In addition to the common reasons for failures listed above, other reasons include:
Topics conflict - questions and variables which are mapped together must have the same topic. If a different topic has already been assigned to a question which has been mapped to that variable this will be invalid
If a variable has been mapped to 0 (no topic)
Depending on the number of invalid records, if there are only a couple of issues, then you can fix these by using the Archivist interface see Map Questions, Variables and Topics, If there are many, systematic or file related issues, then update the tv.txt file and re-import.
Note: When re-importing, the previously imported topic mappings will not be replaced unless they have been updated in the file.
Note: All manual mappings will be replaced by the imported tv.txt mapping file. If you do not want this to happen, then export the tv.txt from Archivist first, then update this before importing.
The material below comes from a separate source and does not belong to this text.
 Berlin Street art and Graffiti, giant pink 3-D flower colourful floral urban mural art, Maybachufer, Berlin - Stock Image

Note: when there are invalid errors related to topic conflicts, these mappings will not be loaded, and so will not show as a conflict on the datasets or instrument map view.
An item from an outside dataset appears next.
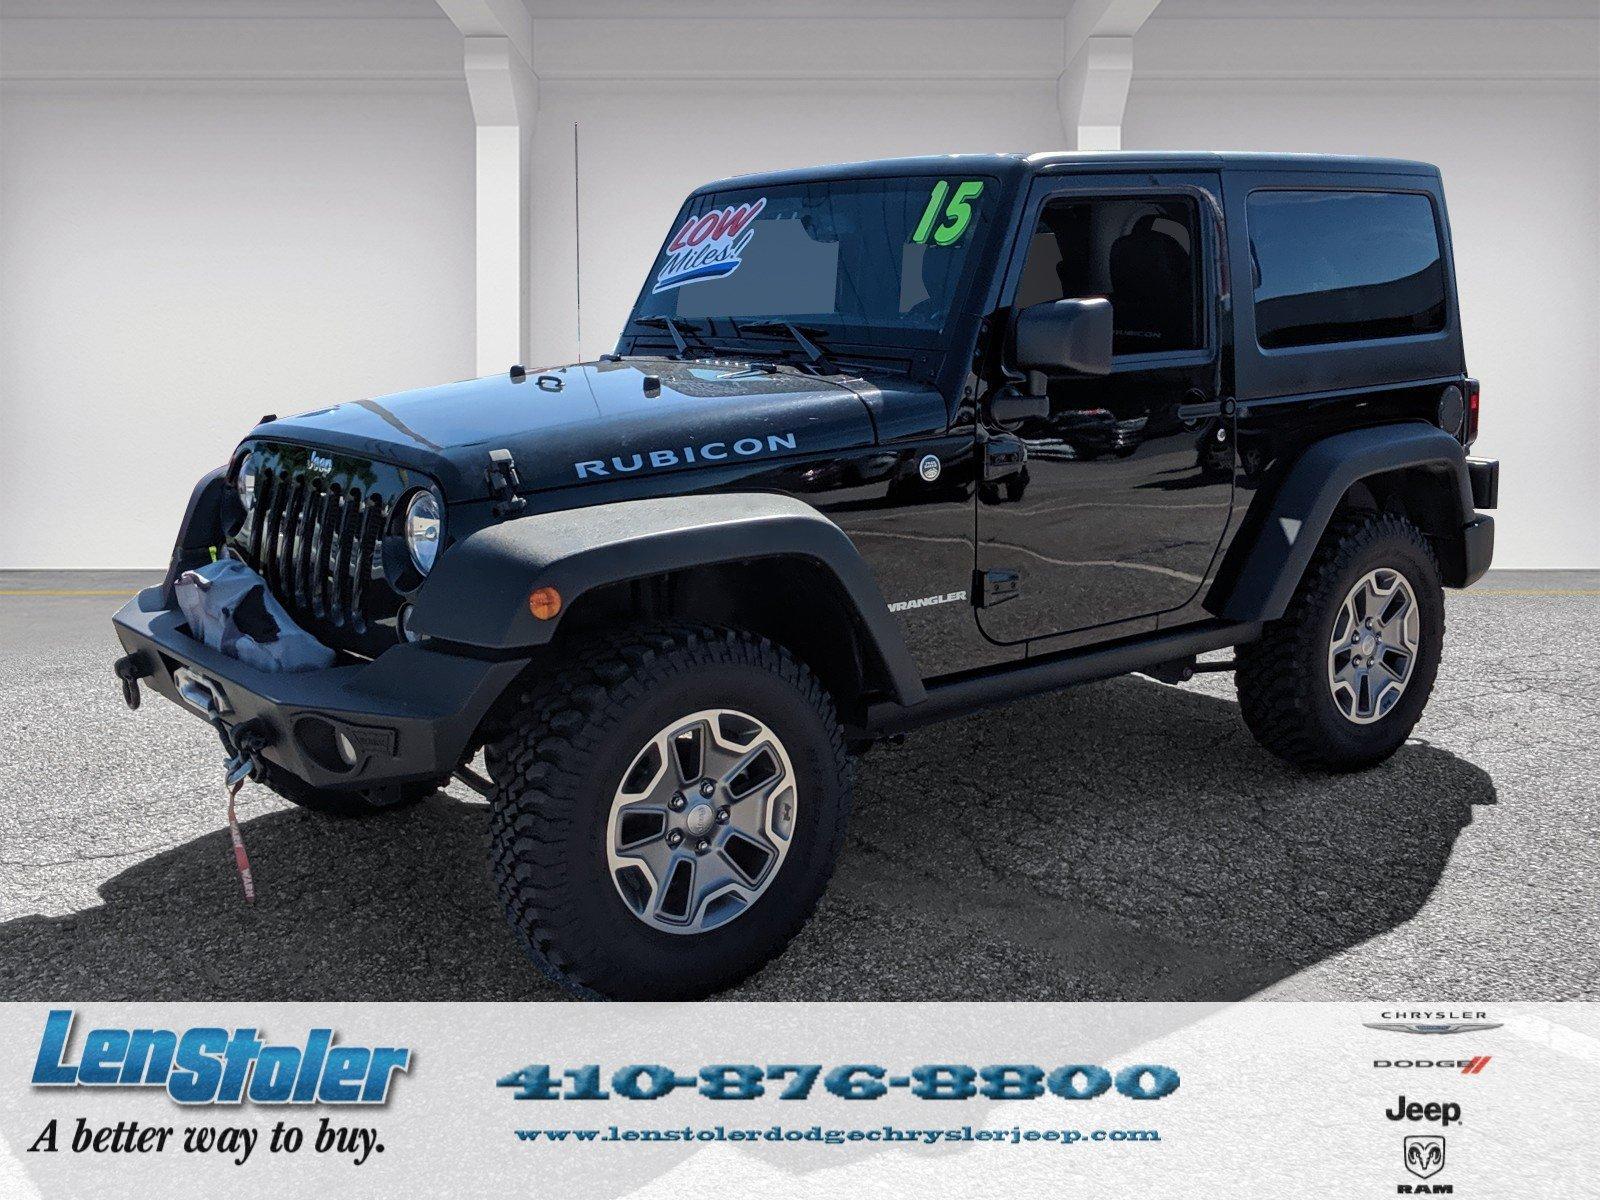 2015 Jeep Wrangler Rubicon SUV

Note: Only one topic can be applied to a grid as a whole- this means that all variables mapped to a grid question must have the same topic.
Note: There is a difference between a topic not being assigned (0) and a topic mapped to None (000), which is considered a topic, and can cause conflicts.
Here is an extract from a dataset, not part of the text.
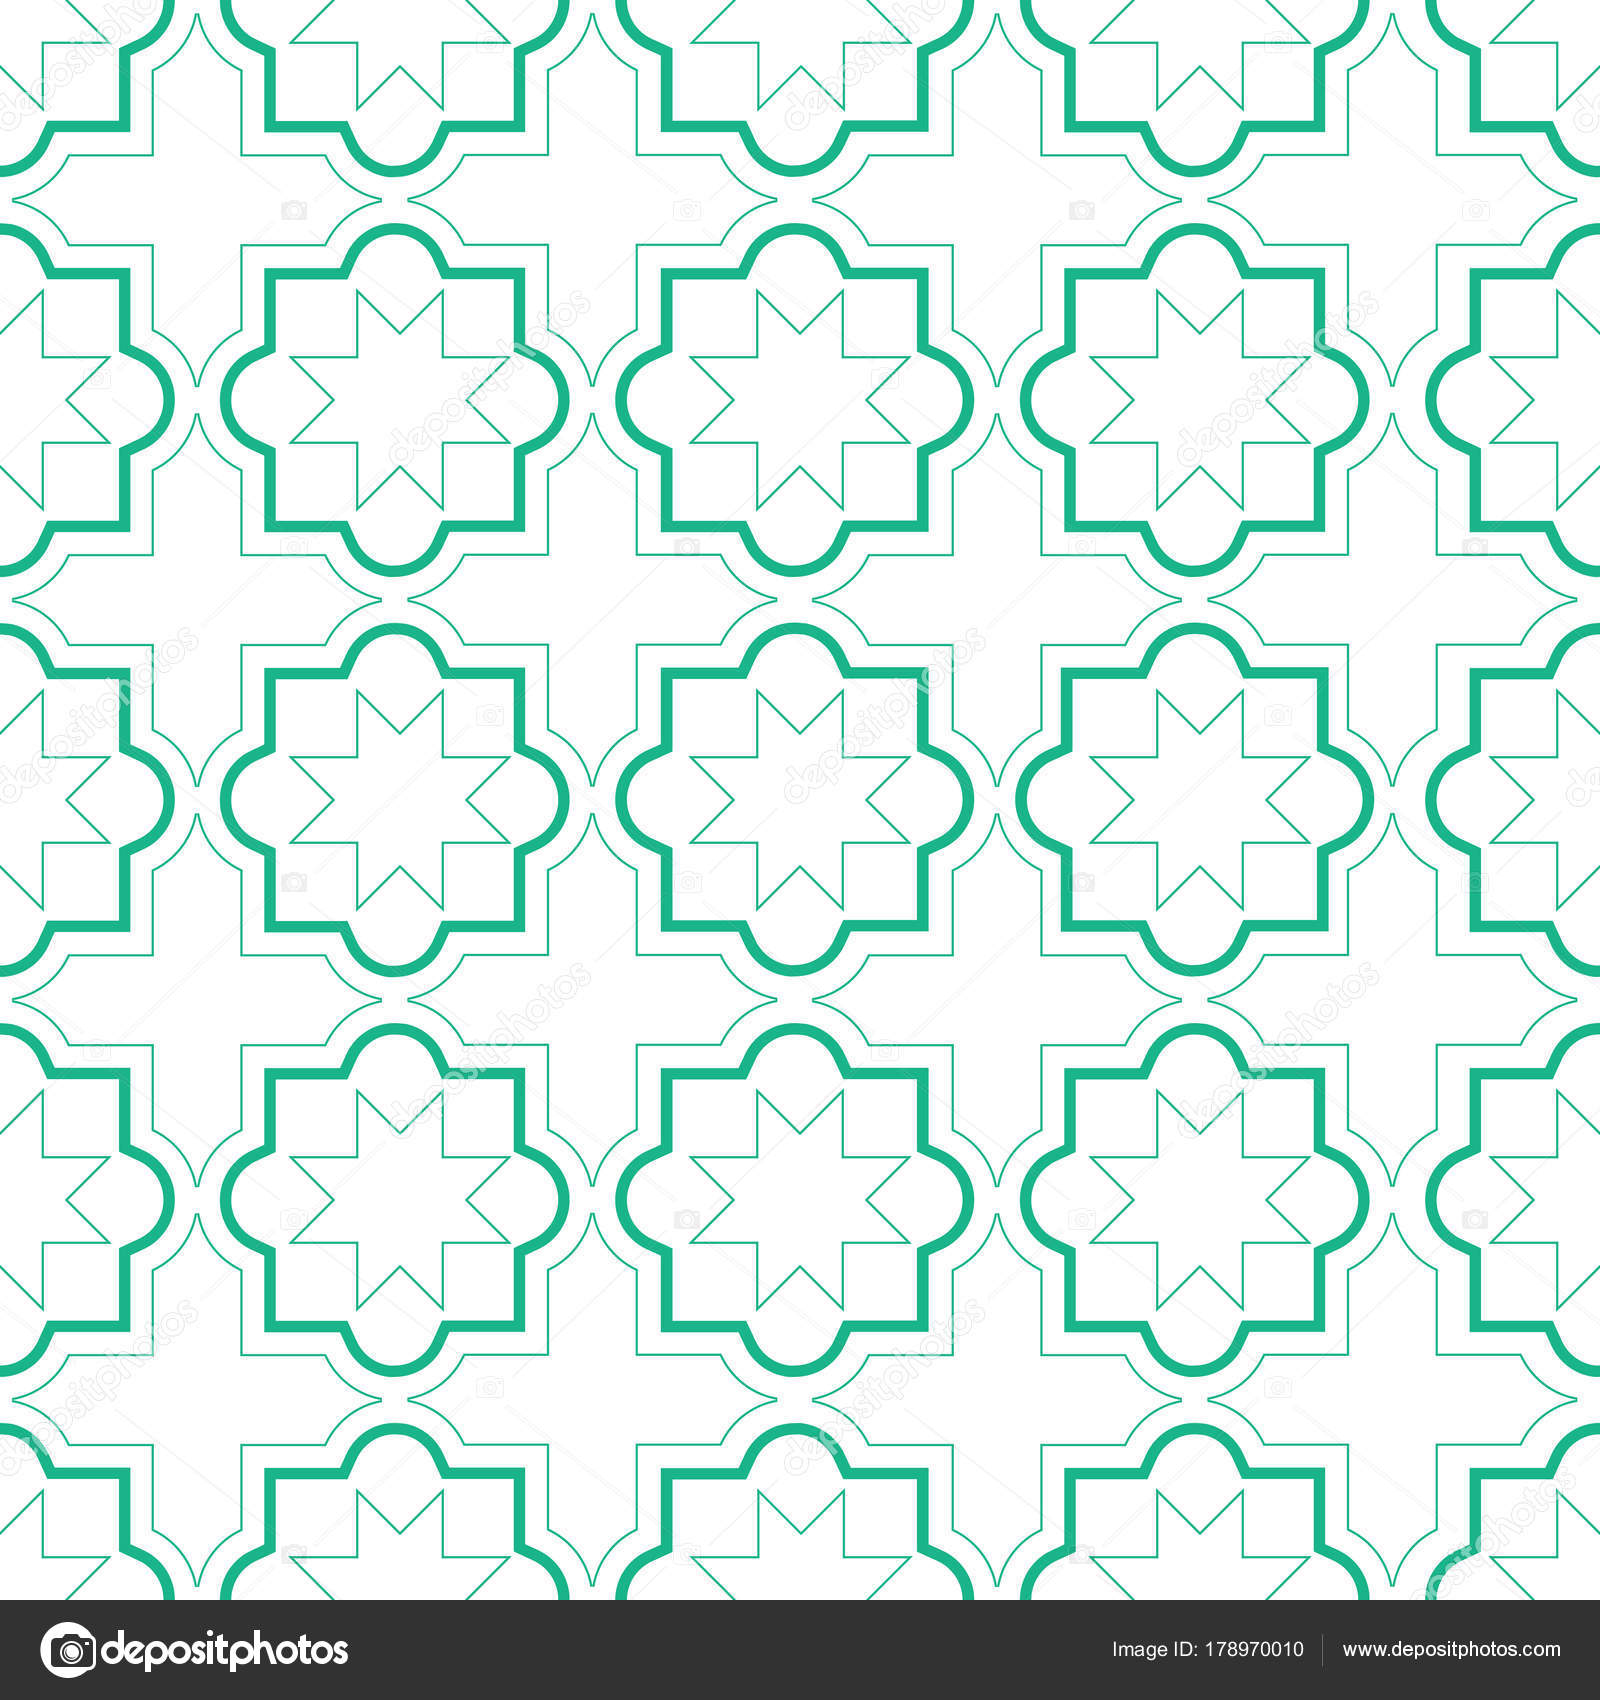 Marokkanische Fliesen Geometrischen Musterdesign Vektor Fliesen ...

Question to Topic mappings
After the question to variable mappings have been imported successfully, you can import the tv.txt mappings files as above, alternatively if you only have question to topic mappings, or you have both tv.txt and tq.txt you can import those next or at the same time. If only a tv.txt was loaded, it is common that there are lots of questions without any topics, these gaps can be filled in using the interface or by downloading the generated tq.txt from Archivist and filling in any gaps, before importing. See below for more details.
These are loaded by navigating to Admin > Instruments> search for the instrument prefix > IMPORT MAPPINGS. Choose files and select the tq.txt file you want to import. See format specifications below for details of the tq.txt file. You can also select to import the question to variable mappings qv.txt at the same time. From the dropdown select whether the file is T-Q Mapping or Q-V Mapping. Note. the Heroku in-out-worker server must be turned on for the files to be imported. The state will change from pending, to running, then to success or failure once imported. If the state is failure, VIEW LOGS under Actions. The state will be failure if the whole file fails or if there is one invalid record (row) in the file, see common reasons listed above.
Depending on the number of invalid records, if there are only a couple of issues, then you can fix these by using the Archivist interface see Map Questions, Variables and Topics, If there are many, systematic or file related issues, then update the tq.txt file and re-import.
Note: when there are invalid errors related to topic conflicts, these mappings will not be loaded, and so will not show as a conflict on the datasets or instrument map view.
Note: If you map to 0 (i.e. no topic), this will give an invalid error, but it will map the question to 0, this way you can reset the mapping back to no mappings. This is not the same as None topic.
Note: When re-importing, the current question to topic mappings will be replaced, so you must include all the question to topic mappings you want to import in the file, not only the records (rows) you want to update.
Note: All manual mappings will be replaced by the imported tq.txt mapping file. If you do not want this to happen, then export the tv.txt from Archivist first, then update this before importing.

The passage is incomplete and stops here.